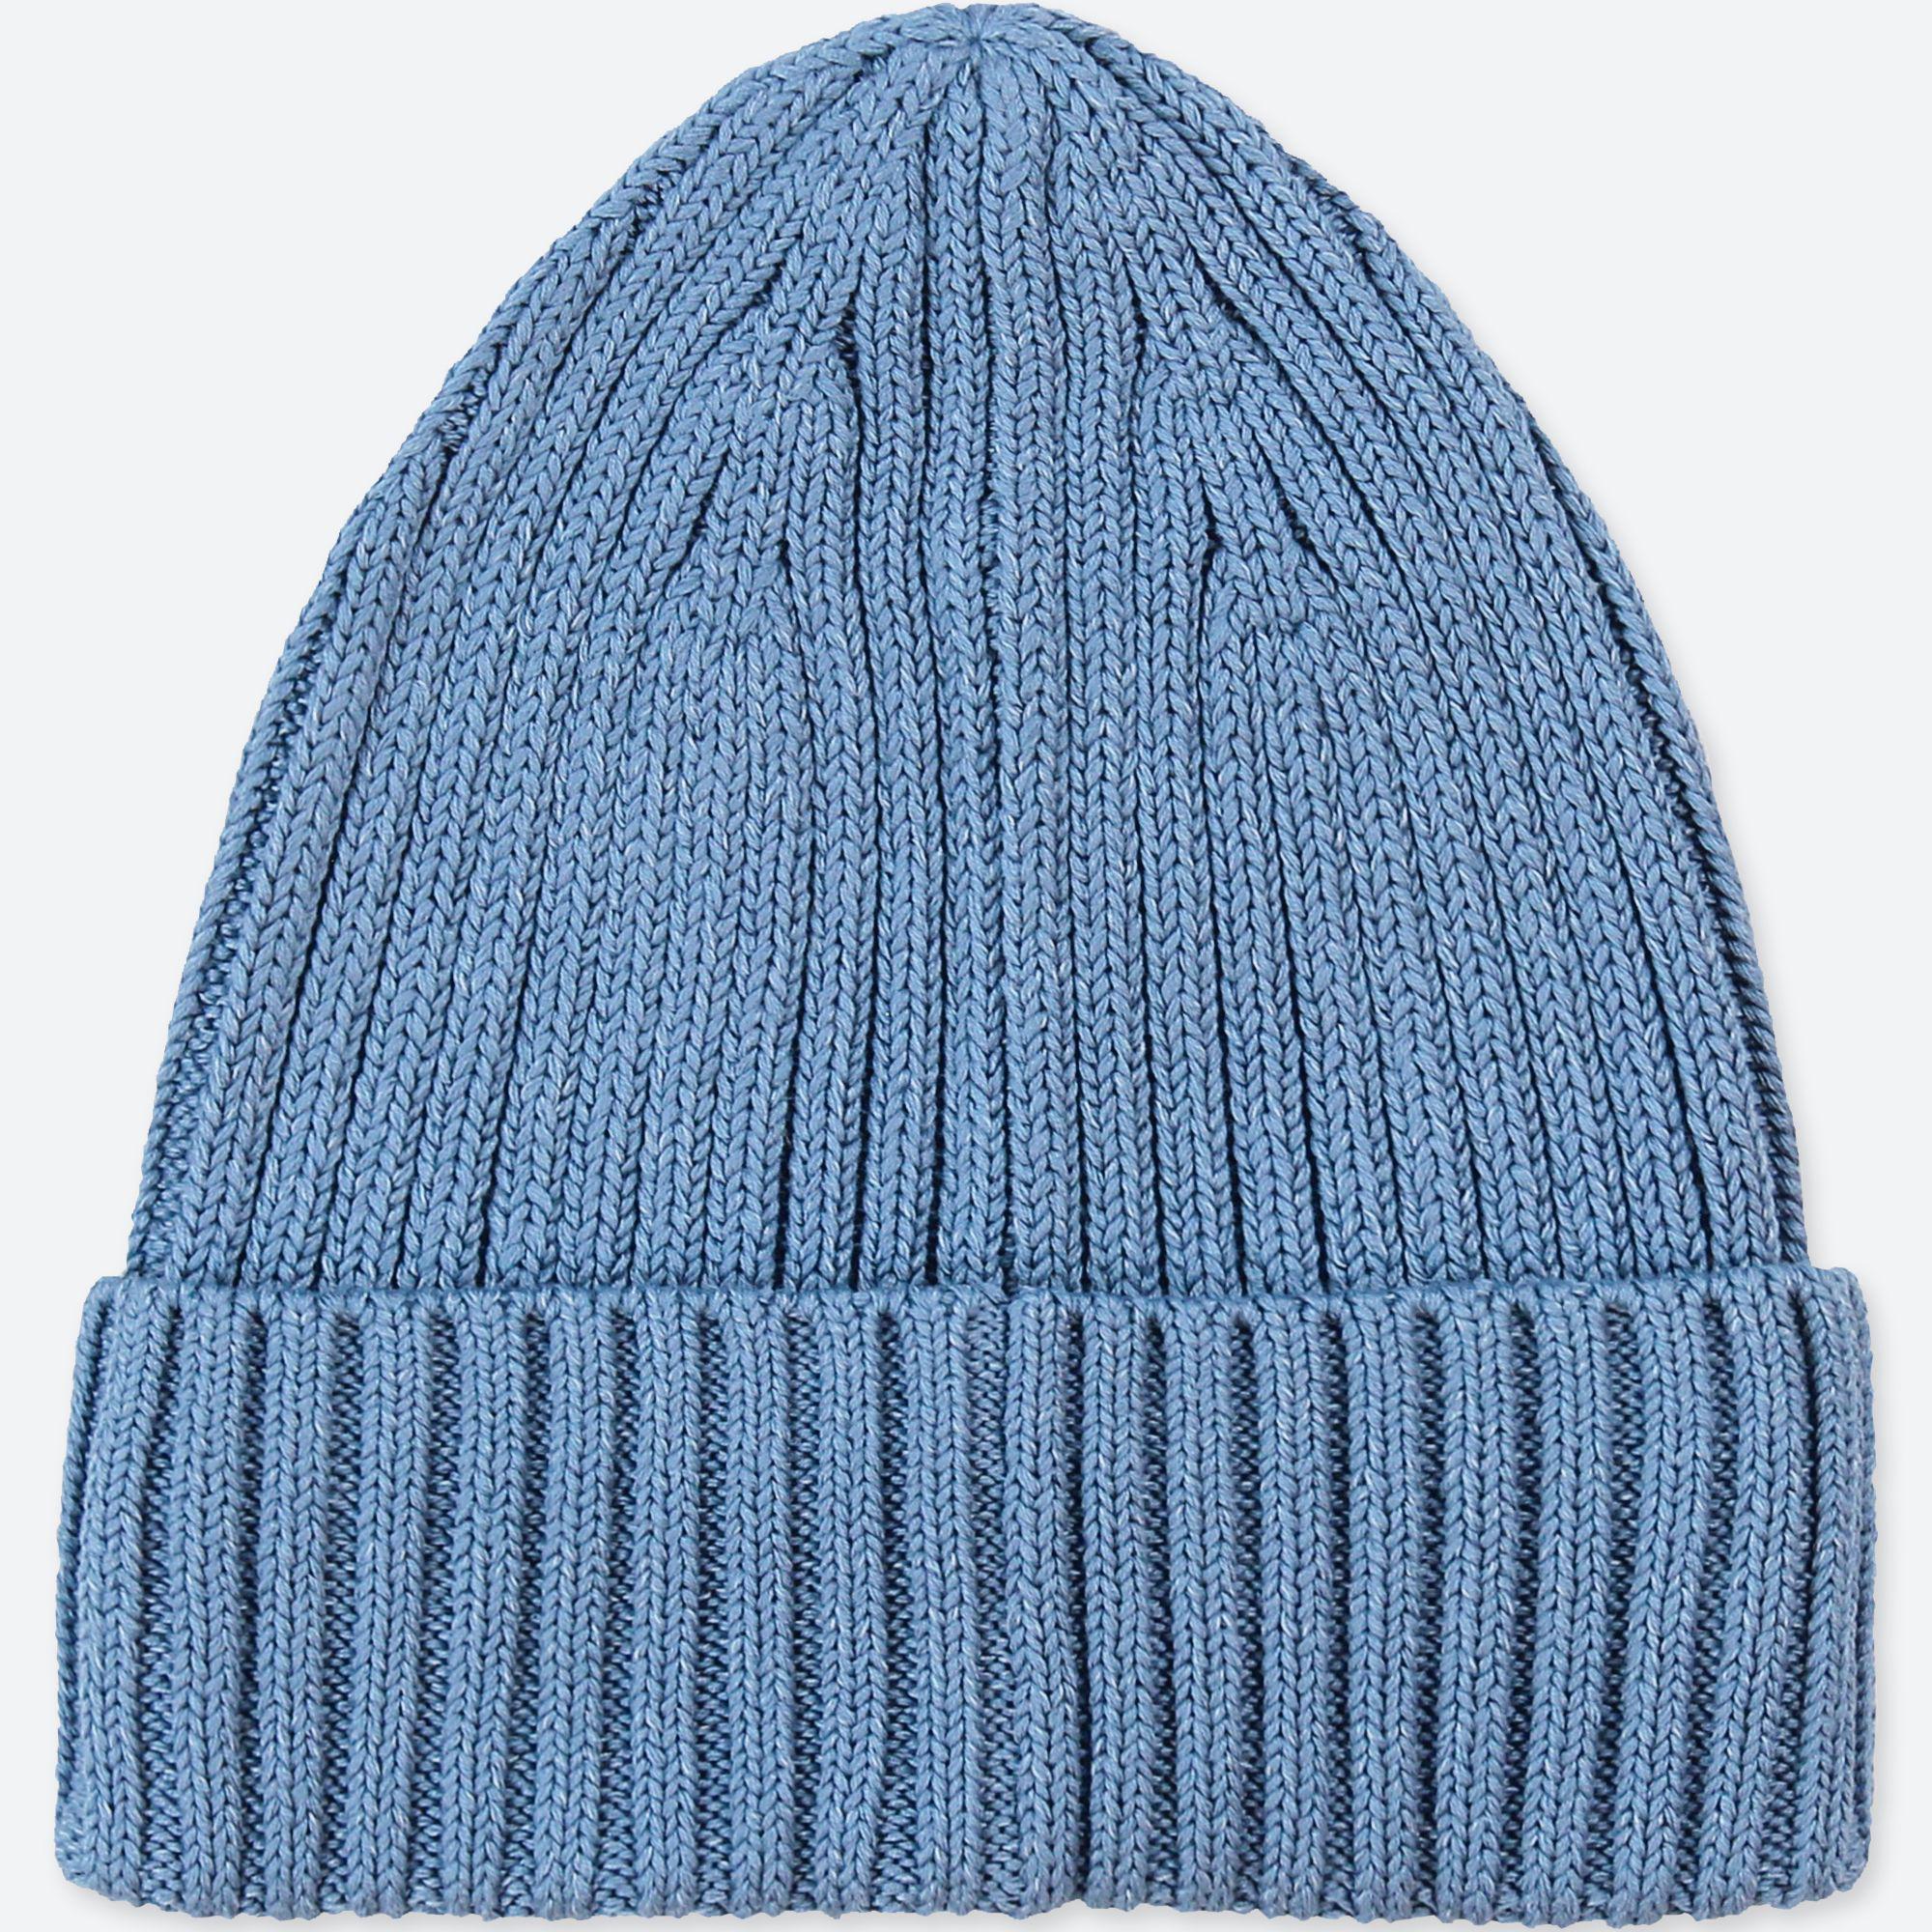 Uniqlo Rib Beanie in Blue for Men - Lyst b5f08ce8aea6
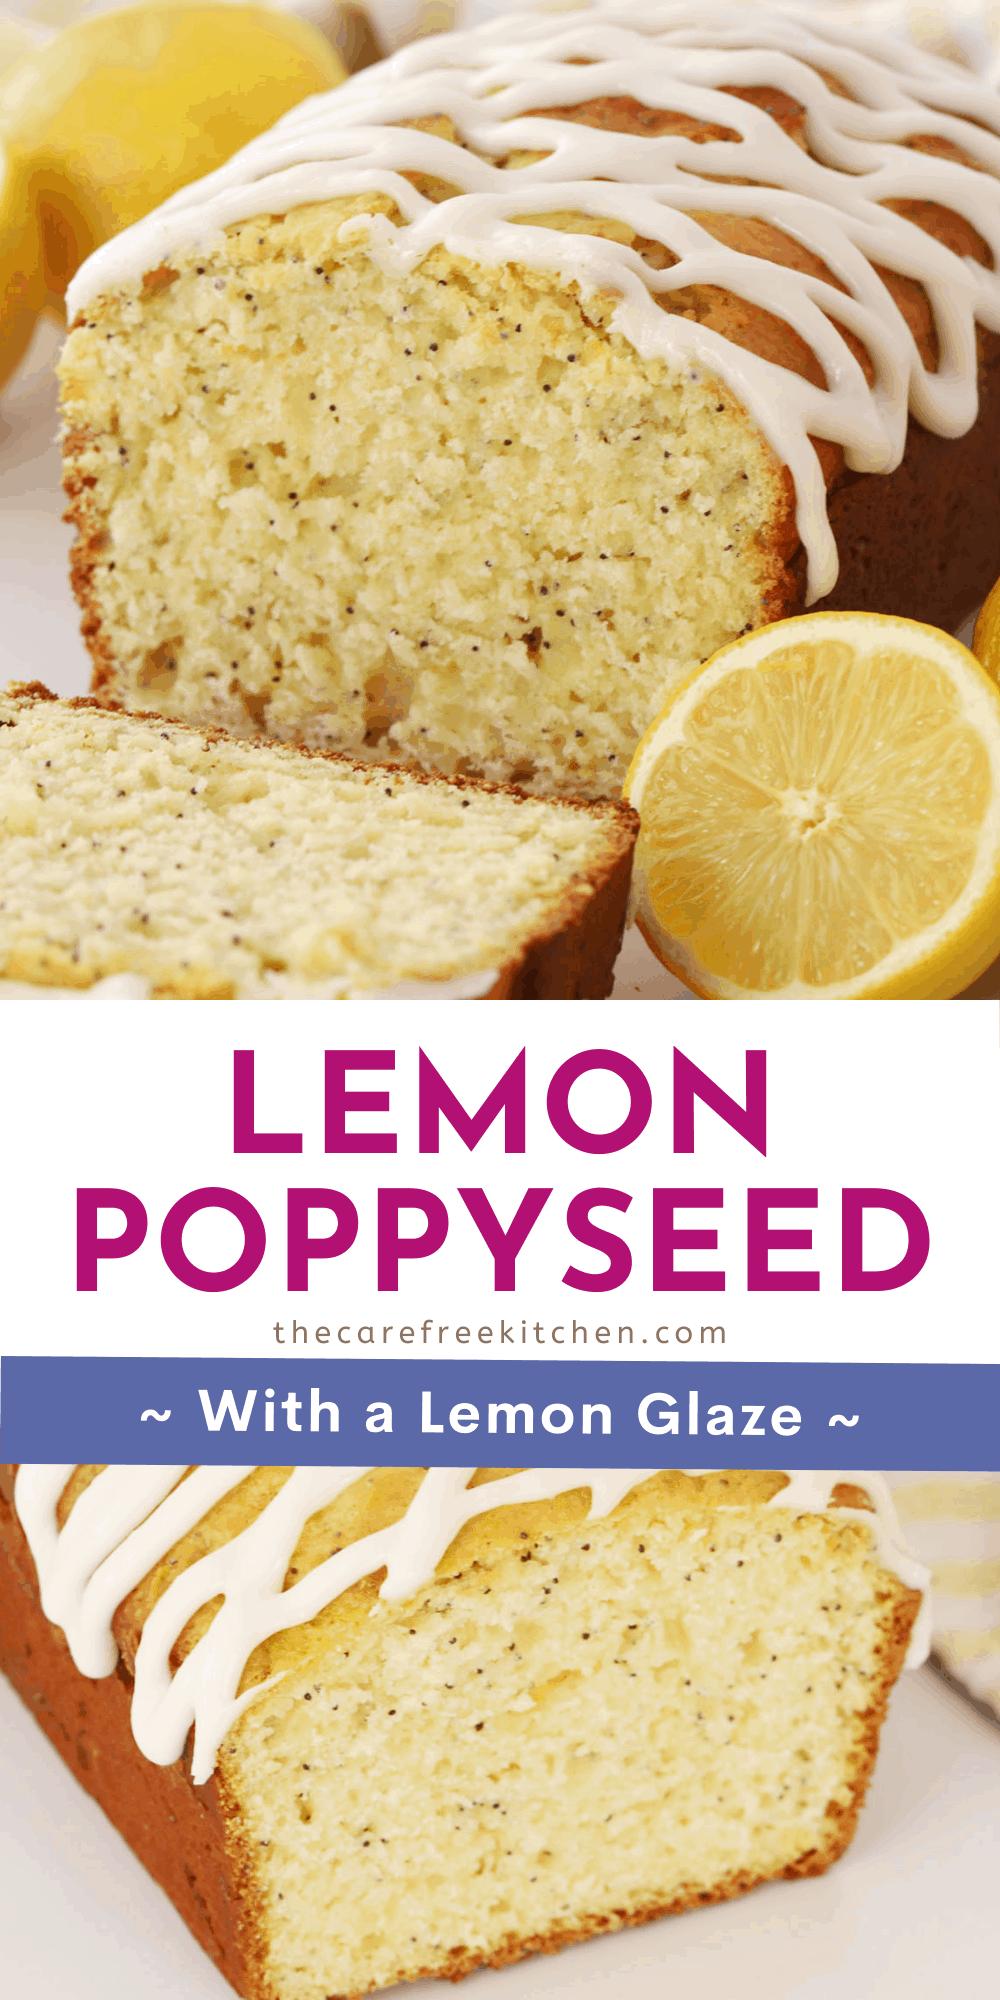 Pinterest pin for Lemon Poppy Seed bread.
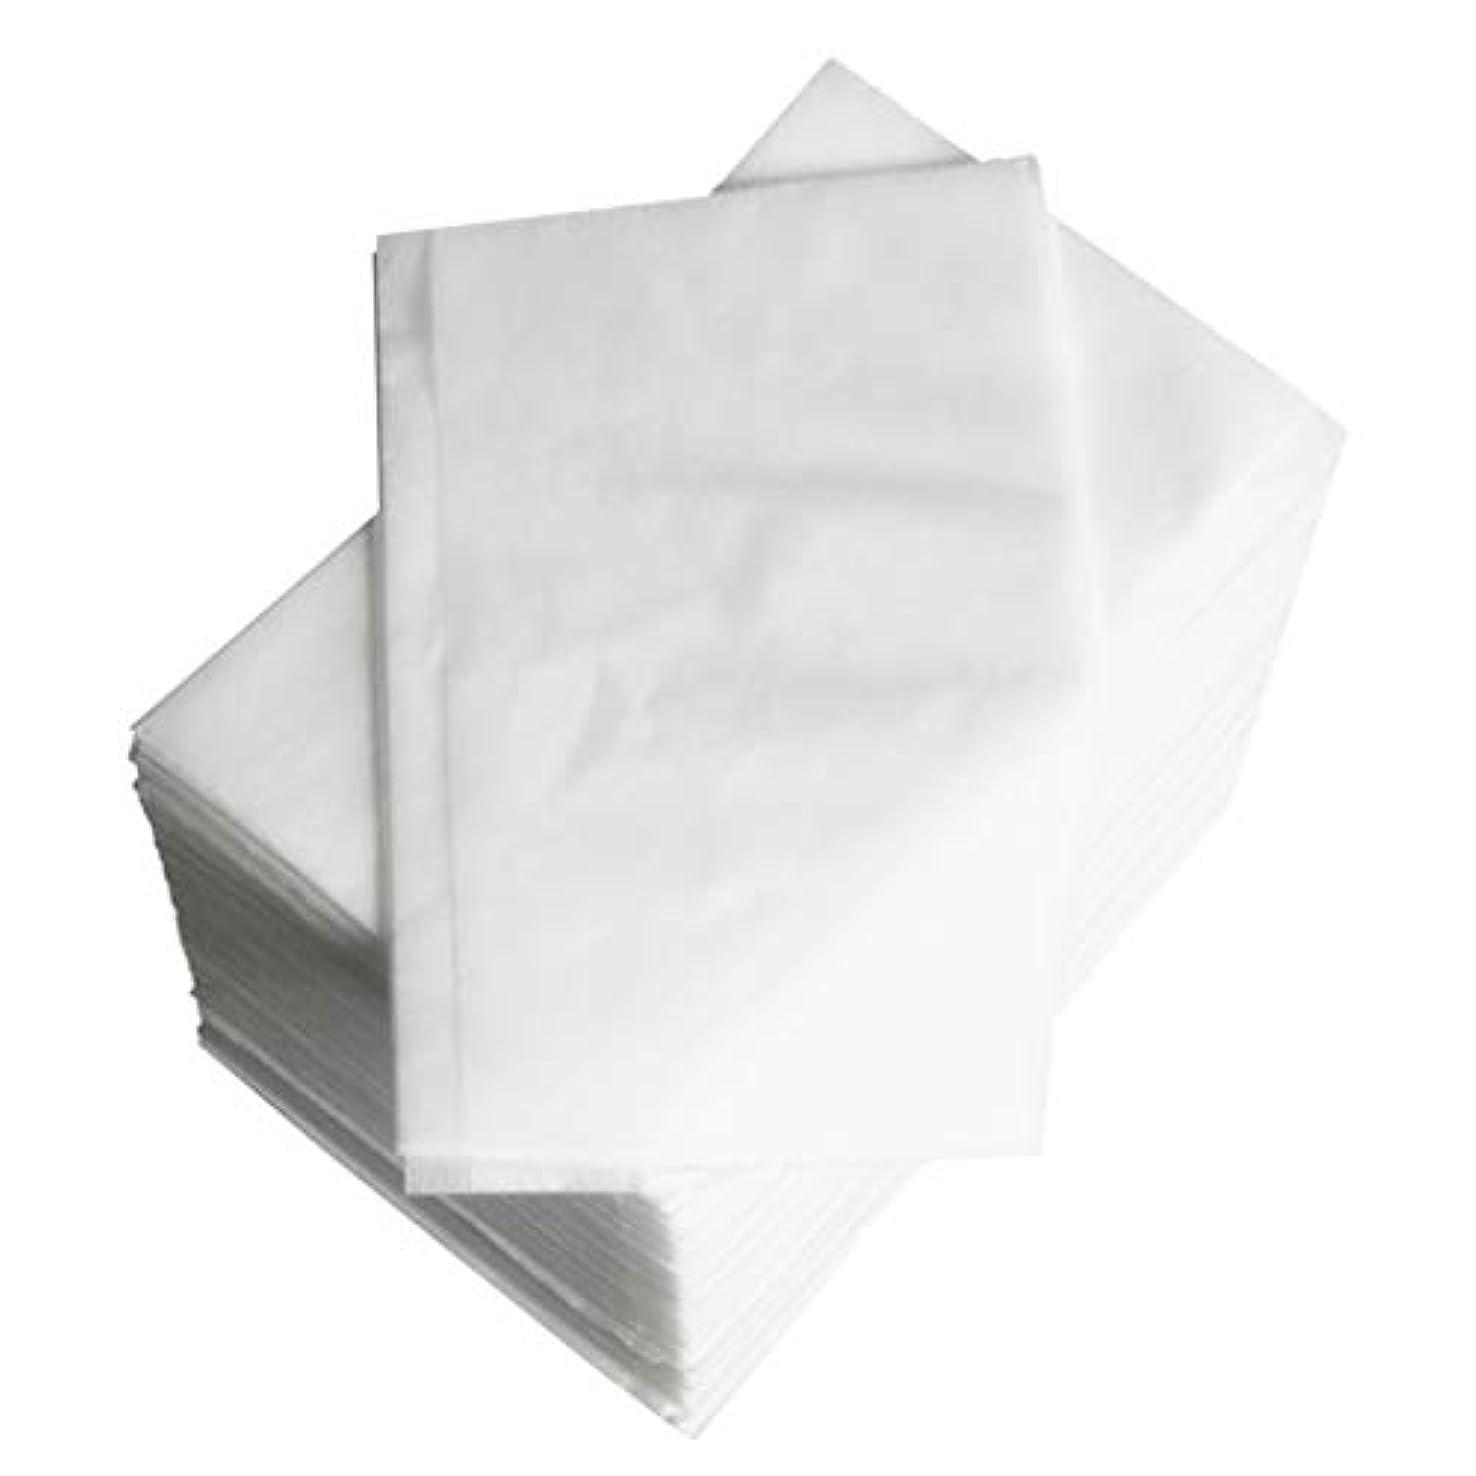 すべきすべき特派員マッサージ テーブルカバー使い捨て 約100個入り 全2カラー - 白

_Description of the task_
Every line from the one containing "Pinterest pin for Lemon Poppy Seed bread." to the last line of the material must be returned exactly. Leave out any pictures.

_Solution for this task_
 Pinterest pin for Lemon Poppy Seed bread.
 すべきすべき特派員マッサージ テーブルカバー使い捨て 約100個入り 全2カラー - 白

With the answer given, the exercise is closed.